* Asian stock markets : https://tmsnrt.rs/2zpUAr4
By Swati Pandey
SYDNEY, Jan 25 (Reuters) - Asian shares rose on Monday as
concerns over rising COVID-19 cases and delays in vaccine
supplies were eclipsed by expectations of a $1.9 trillion fiscal
stimulus plan to help revive the U.S. economy.
Global equity markets have scaled record highs in recent
days on bets COVID vaccines will start to reduce the inflection
rates worldwide and on a stronger U.S. economic recovery under
President Joe Biden.
Still, investors are also wary about towering valuations
amid questions over the efficiency of the vaccines in curbing
the pandemic and as U.S.lawmakers continue to debate a
coronavirus aid package. MSCI's broadest index of Asia-Pacific shares outside Japan
.MIAPJ0000PUS rose slightly to 721.96 and just a short
distance away from last week's record high of 727.31.
The benchmark is up 8.5% so far in January, on track for its
fourth straight monthly rise.
Japan's Nikkei .N225 rebounded from falls in early trading
to be up 0.36%.
Australian shares .AXJO were slightly higher too after the
country's drug regulator approved the Pfizer/BioNTech COVID-19
vaccine with authorities saying a phased rollout will begin late
next month. Chinese shares rose, with the blue-chip CSI300 index
.CSI300 up 0.6%.
"The spotlight will be on Washington DC this week," said
Stephen Innes, Chief Global Markets Strategist at Axi.
The Biden administration tried to head off Republican
concerns that their $1.9 trillion pandemic relief proposal was
too expensive with lawmakers from both parties saying they had
agreed that getting the COVID-19 vaccine to Americans should be
a priority. Financial markets have been eyeing a massive U.S. economic
stimulus though disagreements have meant months of indecision in
a country suffering more than 175,000 COVID-19 cases a day with
millions out of work.
"Vaccine breakthroughs make it likely that life will become
more functional again at some point in 2021, resulting in higher
GDP growth and more robust corporate earnings," Innes said.
"But increasing global COVID19 infections, new variants of
the virus, tightening social distancing restrictions and delays
in vaccine rollouts in some places, all increase the near-term
growth risks."
Global COVID-19 cases are inching towards 100 million with
more than 2 million dead. Hong Kong locked down an area of the Kowloon peninsula on
Saturday, the first such measure the city has taken since the
pandemic began.
Reports the new UK COVID variant was not only highly
infectious but perhaps more deadly than the original strain also
added to worries. In the European Union, political leaders expressed
widespread dismay over a hold-up by AstraZeneca AZN.L and
Pfizer Inc PFE.N in delivering promised doses, with Italy's
prime minister lashing out at the vaccine suppliers, saying
delays amounted to a serious breach of contractual obligations.
On Friday, the Dow .DJI fell 0.57%, the S&P 500 .SPX
lost 0.30% and the Nasdaq .IXIC added 0.09%. The three main
U.S. indexes closed higher for the week, with the Nasdaq up over
4%.
Jefferies analysts said U.S. stock markets looked overvalued
though they still remained bullish.
"For the stock market to have a real nasty unwind, rather
than just a bull market correction, there needs to be a
catalyst," analyst Christopher Wood said.
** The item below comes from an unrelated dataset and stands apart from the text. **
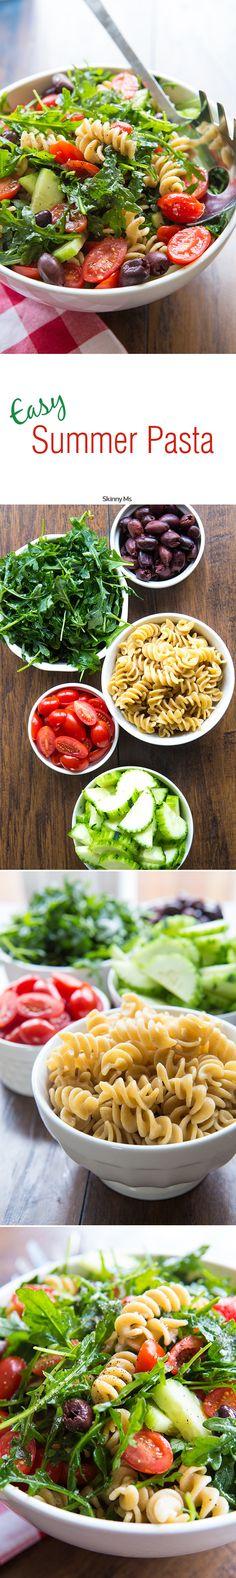 Easy Pasta Salad with Cucumbers & Tomatoes Einfacher Nudelsalat mit Gurken & Tomaten – lecker! Cucumber Pasta Salad, Easy Pasta Salad, Arugula Recipes, Cucumber Recipes, Pasta Recipes, Salad Recipes, Cooking Recipes, Pasta With Arugula And Tomatoes, Healthy Snacks

"That means either an economic downturn or a material
tightening in Fed policy," Wood said, adding neither was likely
to occur in a hurry.
In currencies, major pairs were trapped in a tight range as
markets awaited a U.S. Federal Reserve meeting on Wednesday.
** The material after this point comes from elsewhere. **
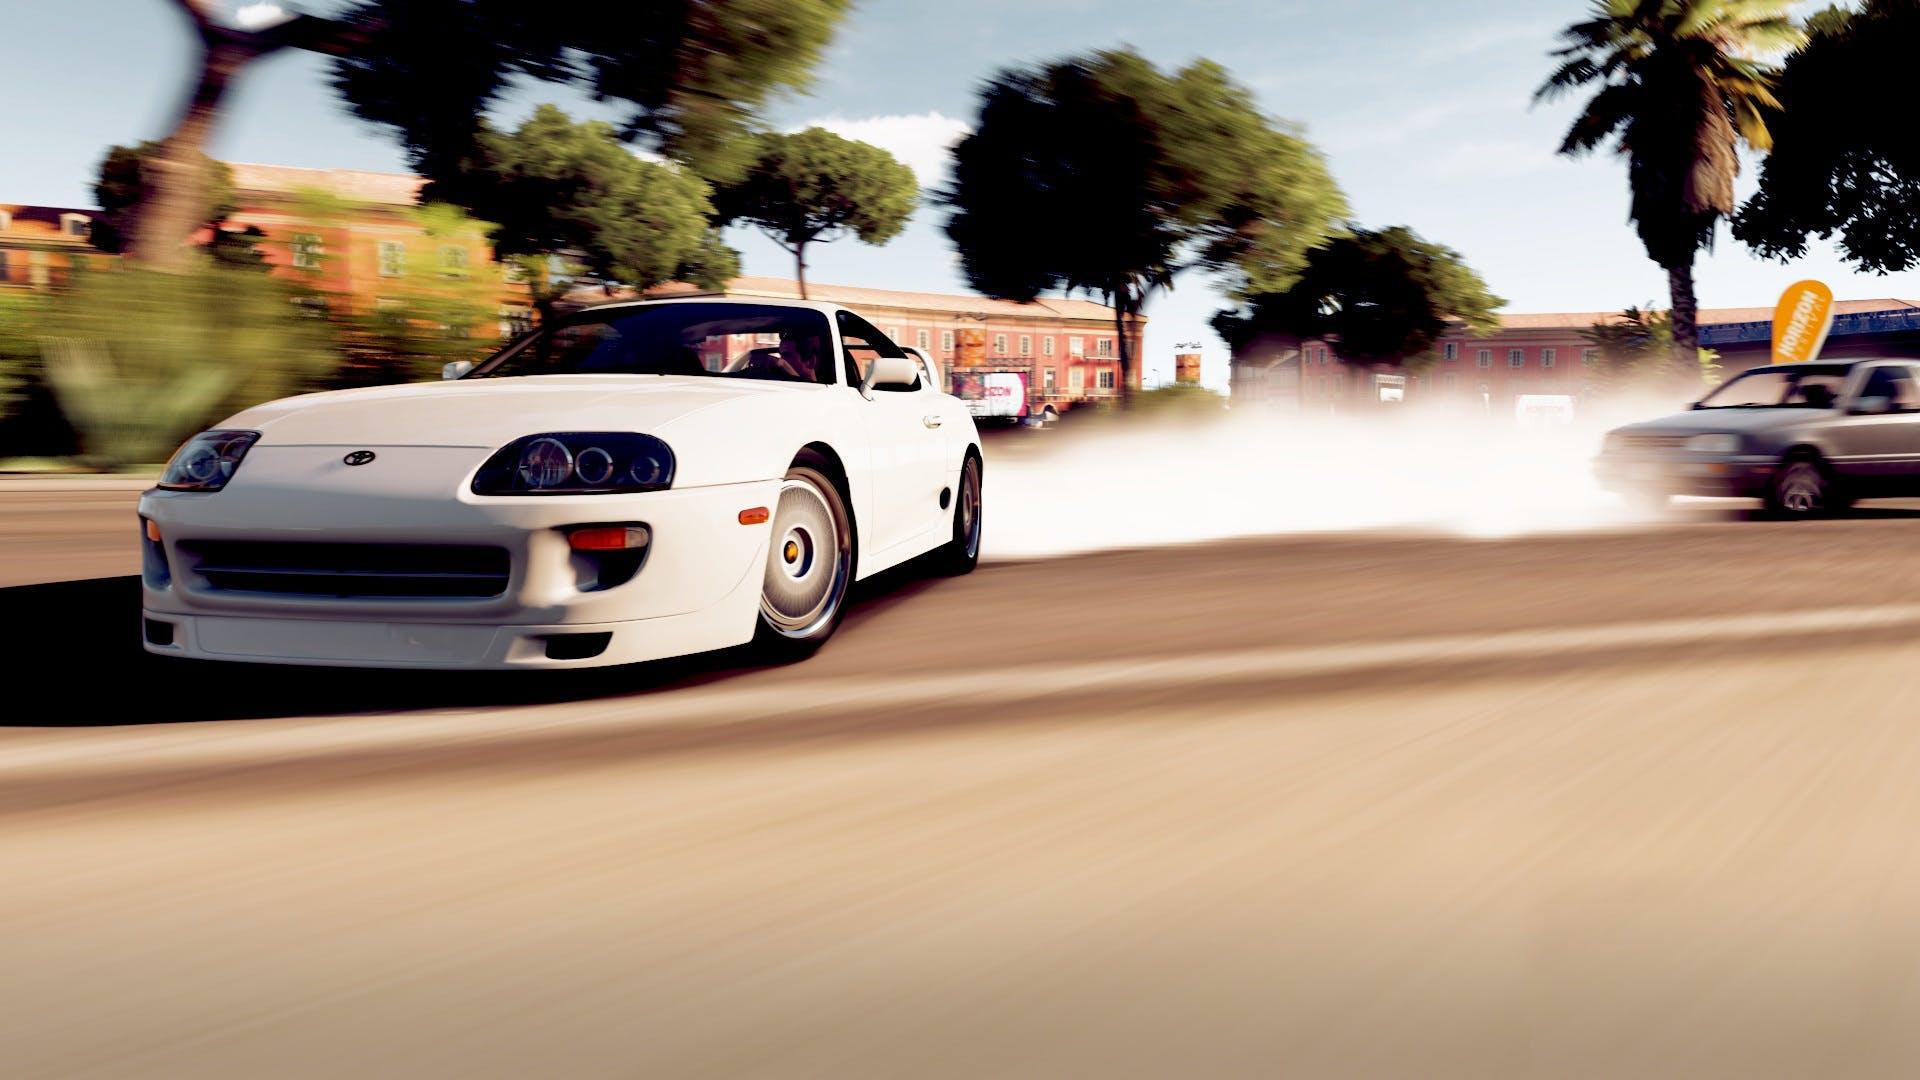 action, asphalt, auto racing

The dollar index =USD was flat at 90.19, with the euro
EUR= at $1.2169, while sterling GBP= was last trading at
$1.3691.
The Japanese yen JPY= was unchanged at 103.77 per dollar.
In commodities, oil prices fell with Brent LCOc1 down 12
cents at $55.29 a barrel and U.S. crude CLc1 off 3 cents at
$52.24.
Gold was higher with spot prices XAU= up 0.2% at 1,855.9
an ounce.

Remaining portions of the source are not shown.